Instructions to follow | The answer is to be an exact copy of the lines below running from the line with "10 sets/lot vintage" down to the line with "Decade Of Women", both ends included, and nothing more.

Extracted data |
=====

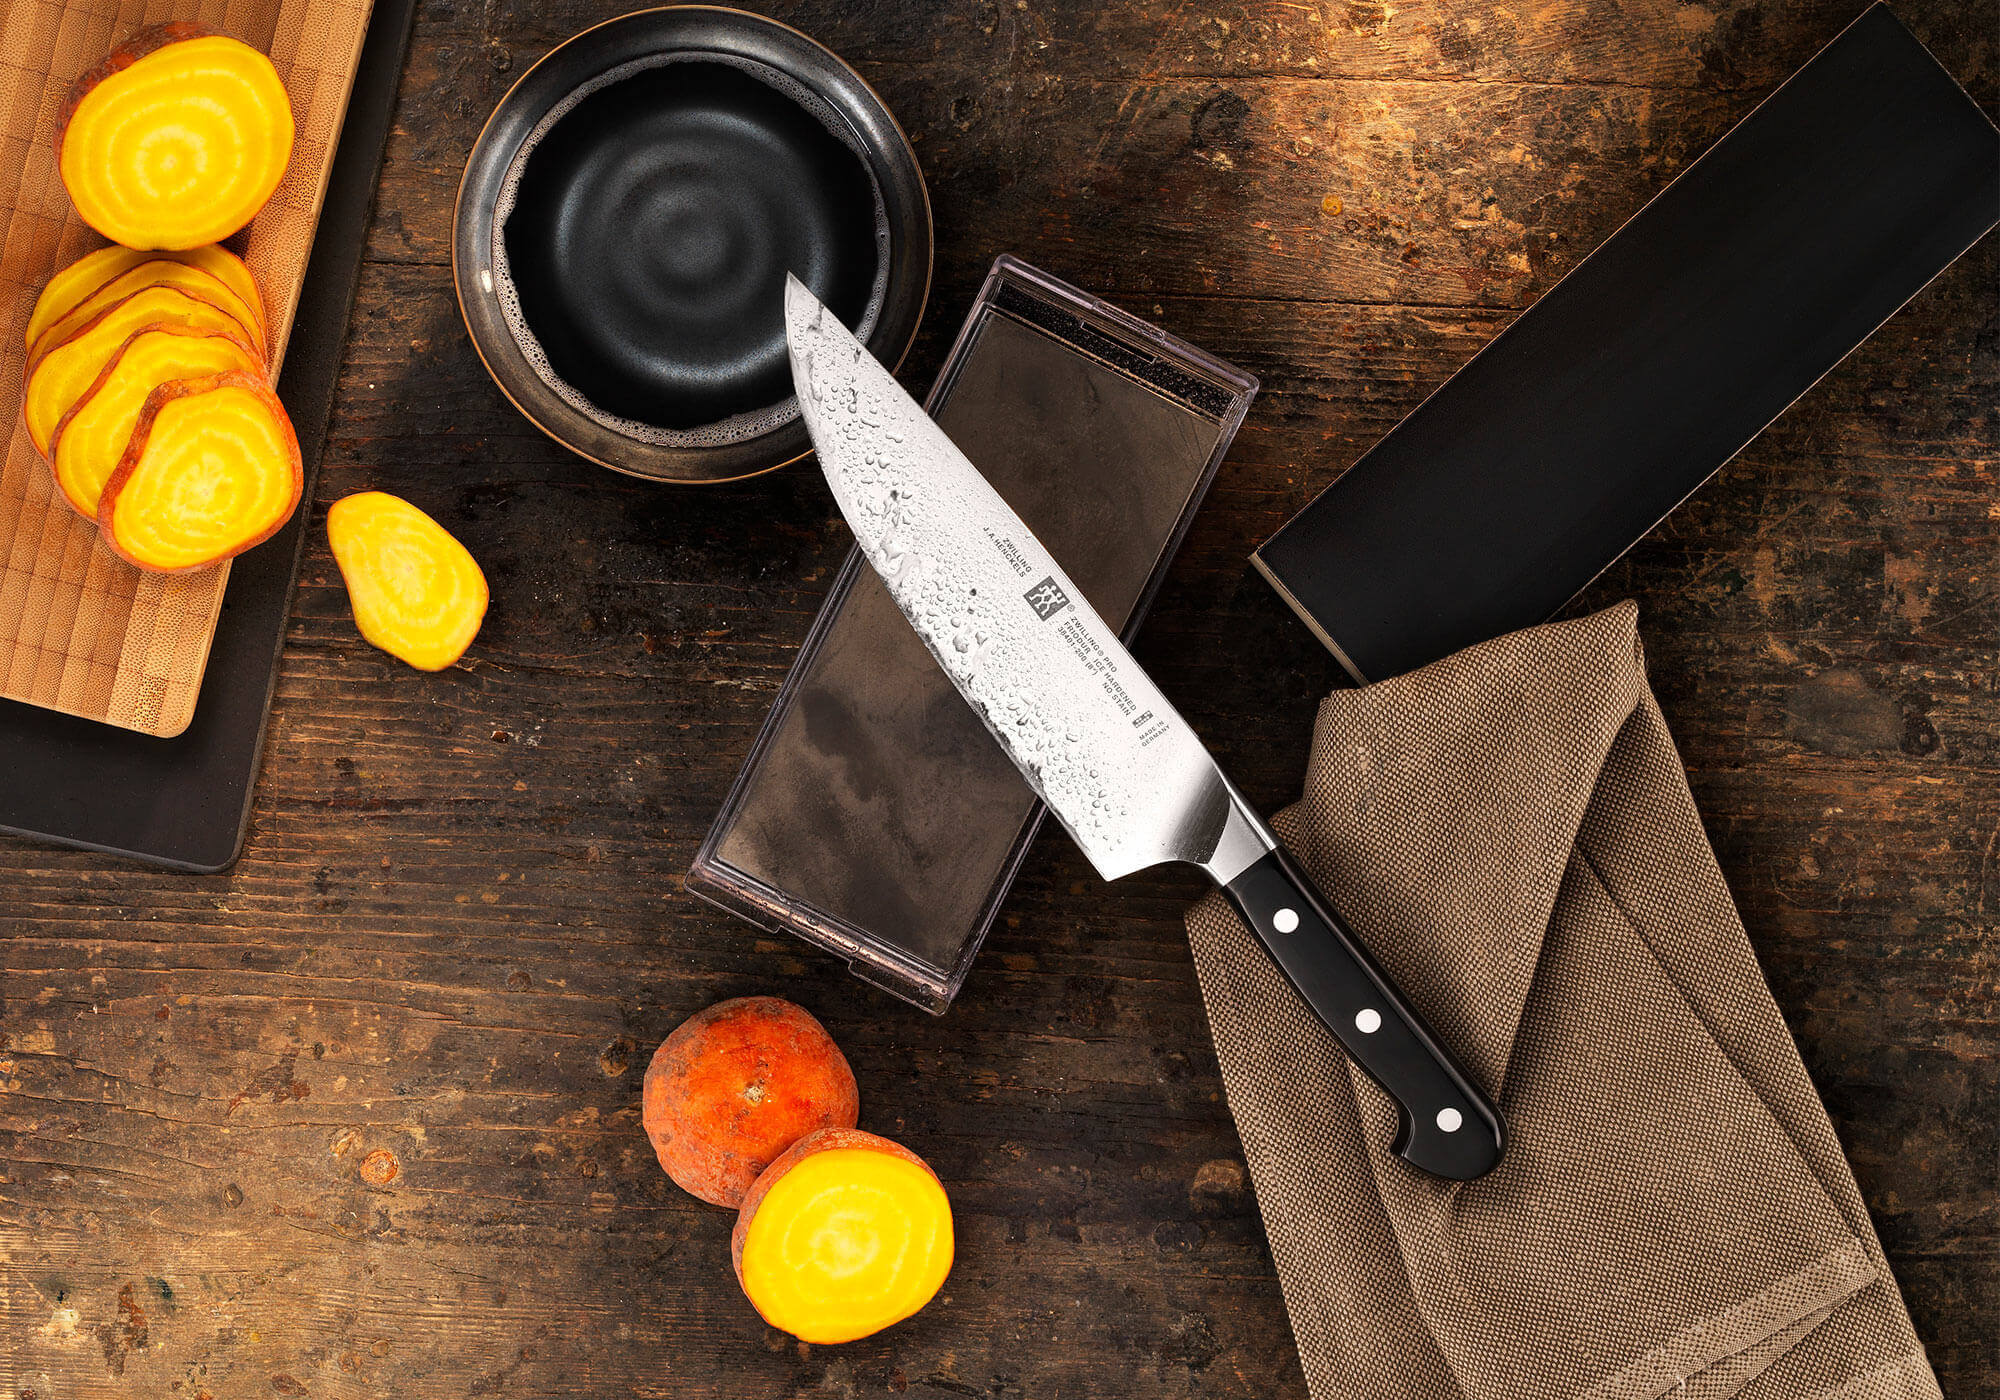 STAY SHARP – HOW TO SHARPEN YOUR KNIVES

=====

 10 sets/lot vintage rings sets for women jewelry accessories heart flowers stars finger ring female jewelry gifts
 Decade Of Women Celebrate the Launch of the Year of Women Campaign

=====

Result of this task |
 10 sets/lot vintage rings sets for women jewelry accessories heart flowers stars finger ring female jewelry gifts
 Decade Of Women Celebrate the Launch of the Year of Women Campaign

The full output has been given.